Objectives
Understanding the drivers of HIV‐1 transmission is of importance for curbing the ongoing epidemic. Phylogenetic methods based on single viral sequences allow us to assess whether two ...individuals are part of the same viral outbreak, but cannot on their own assess who potentially transmitted the virus. We developed and assessed a molecular epidemiology method with the main aim to screen cohort studies for and to characterize individuals who are ‘potential HIV‐1 transmitters’, in order to understand the drivers of HIV‐1 transmission.
Methods
We developed and validated a molecular epidemiology approach using longitudinally sampled viral Sanger sequences to characterize potential HIV‐1 transmitters in the Swiss HIV Cohort Study.
Results
Our method was able to identify 279 potential HIV‐1 transmitters and allowed us to determine the main epidemiological and virological drivers of transmission.
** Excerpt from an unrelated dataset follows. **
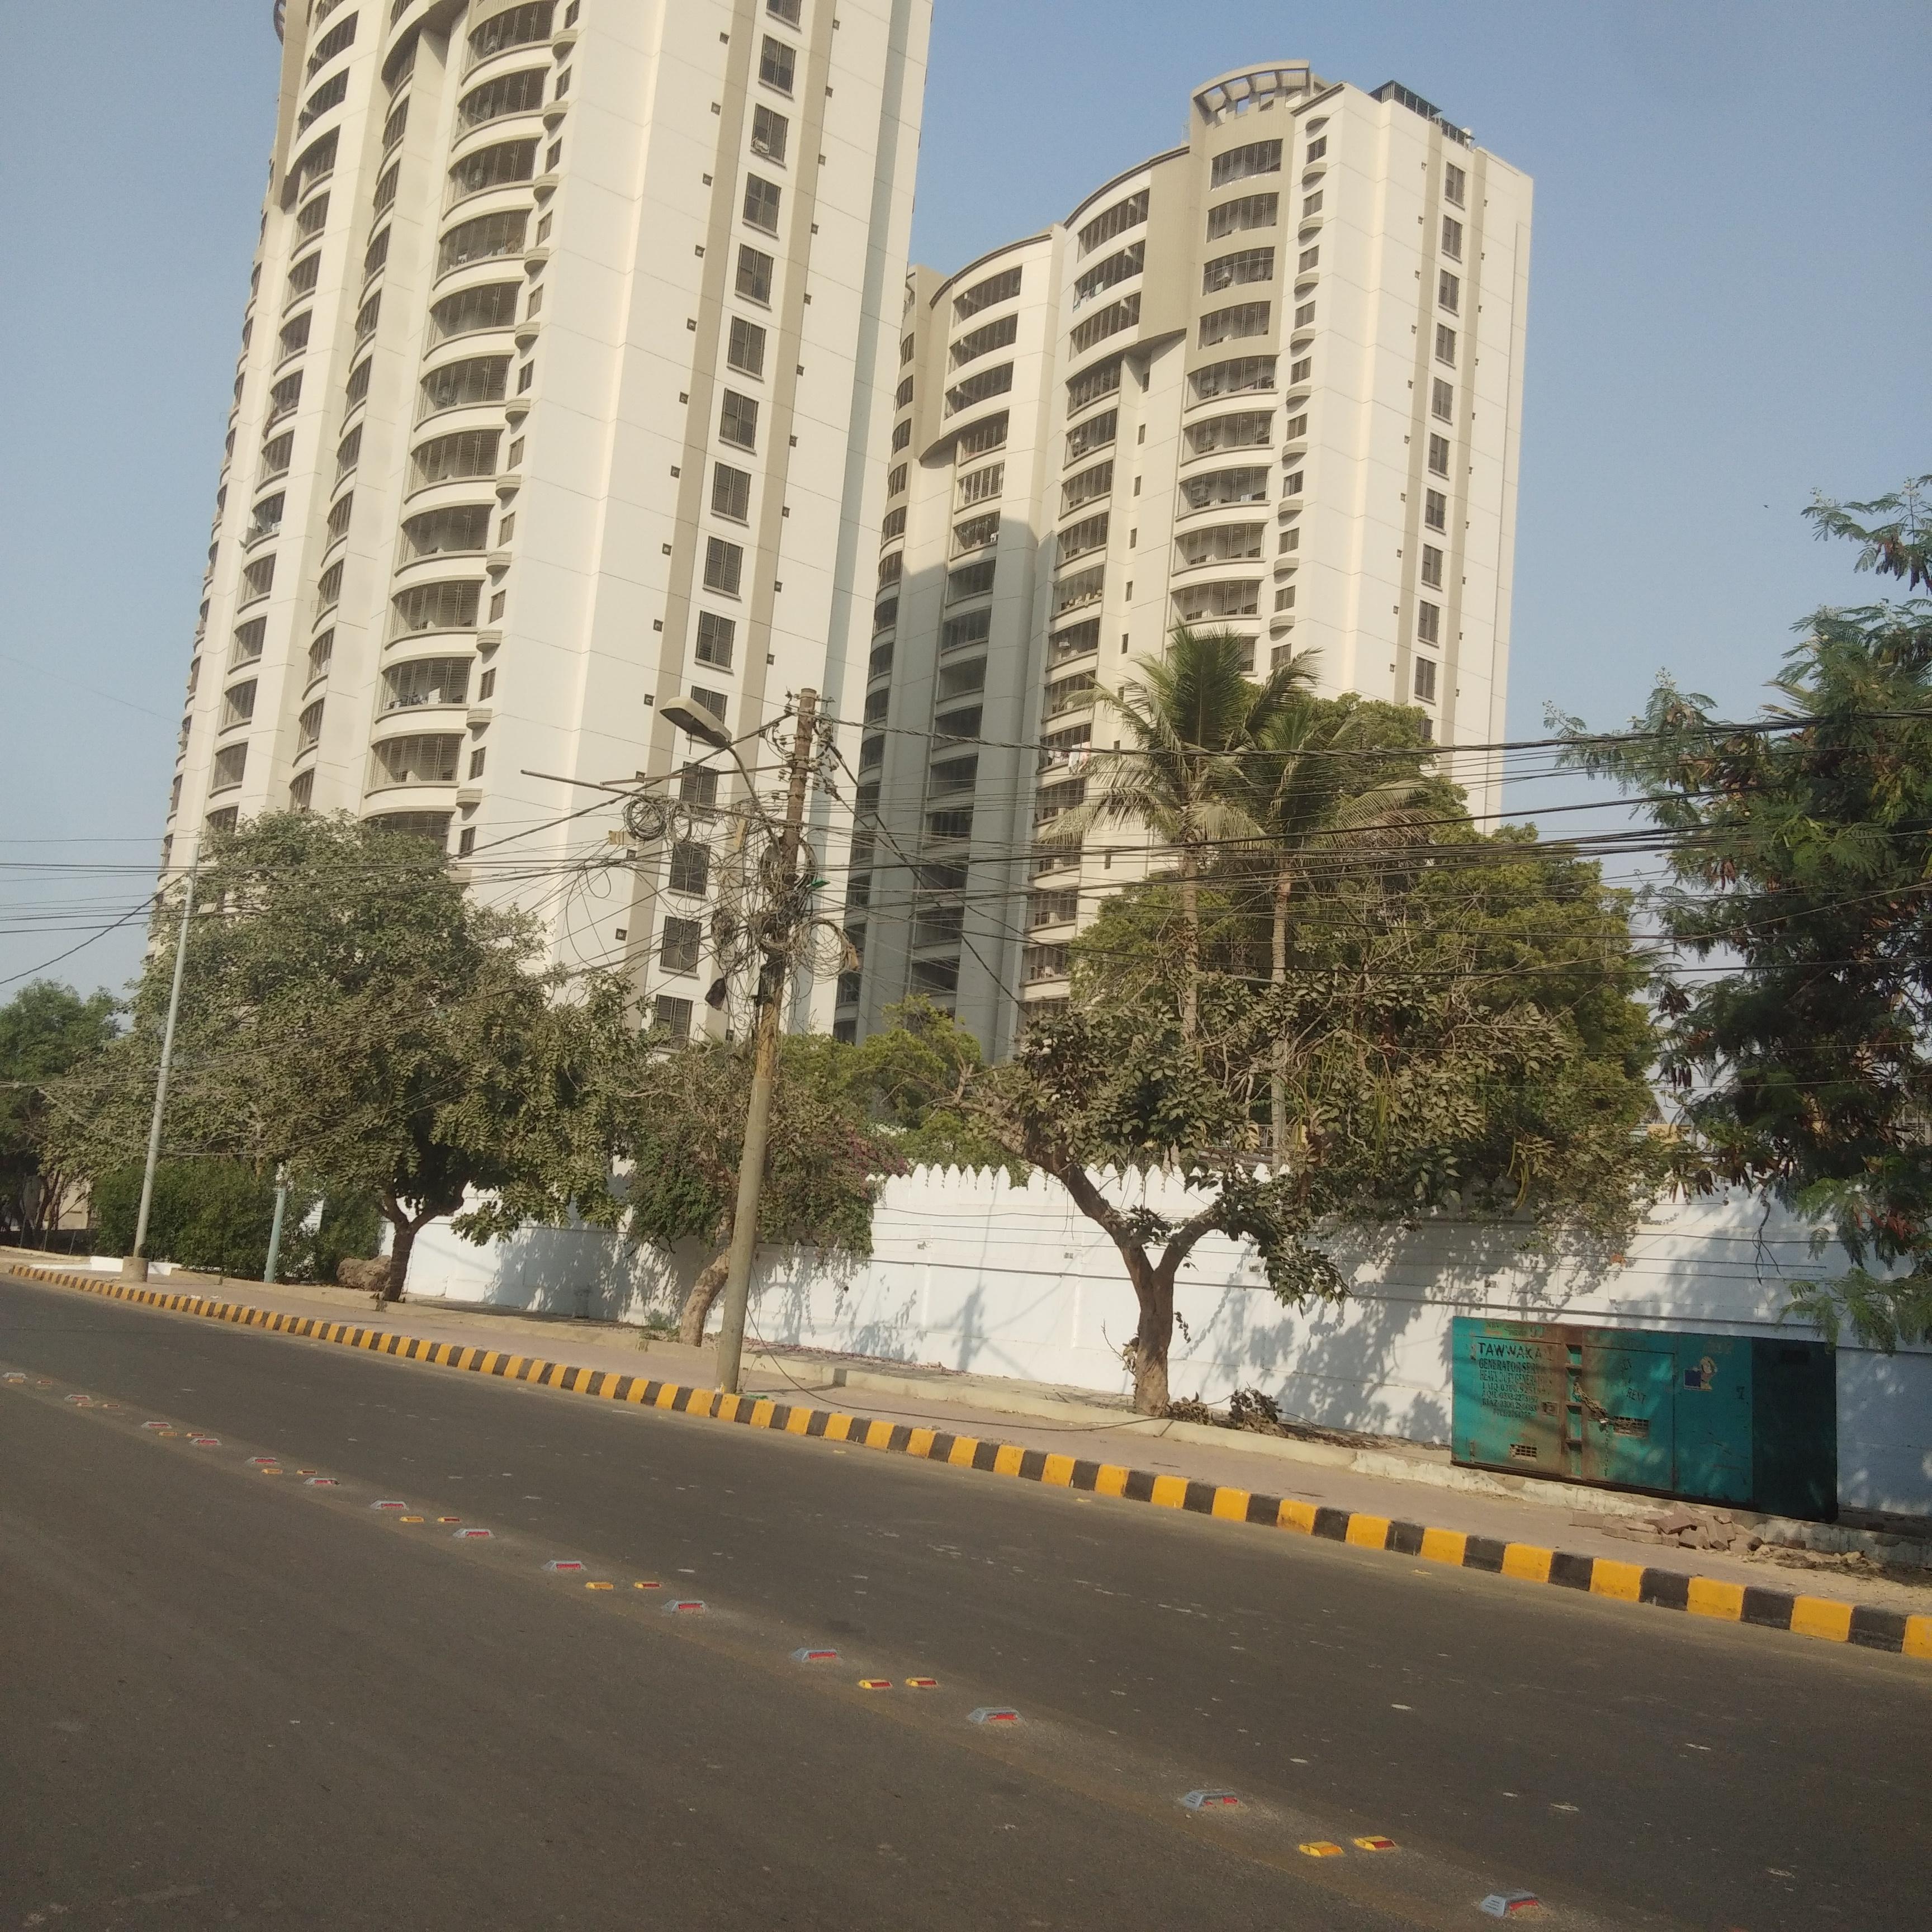 Zamzam Tower Buy Sell Property In Karachi Property Dealer In Karachi Clifton Clifton Property Dealer In Karachi Defence Clifton Property Dealer In Karachi

We found that the directionality of transmission was consistent with infection times for 72.9% of 85 potential HIV‐1 transmissions with accurate infection date estimates. Being a potential HIV‐1 transmitter was associated with risk factors including viral load adjusted odds ratiomultivariable (95% confidence interval): 1.86 (1.49–2.32), syphilis coinfection 1.52 (1.06–2.19), and recreational drug use 1.45 (1.06–1.98). By contrast for the potential HIV‐1 recipients, this association was weaker or even absent 1.18 (0.82–1.72), 0.89 (0.52–1.55) and 1.53 (0.98–2.39), respectively, indicating that inferred directionality of transmission is useful at the population level.
Conclusions
Our results indicate that longitudinally sampled Sanger sequences do not provide sufficient information to identify transmitters with high certainty at the individual level, but that they allow the drivers of transmission at the population level to be characterized.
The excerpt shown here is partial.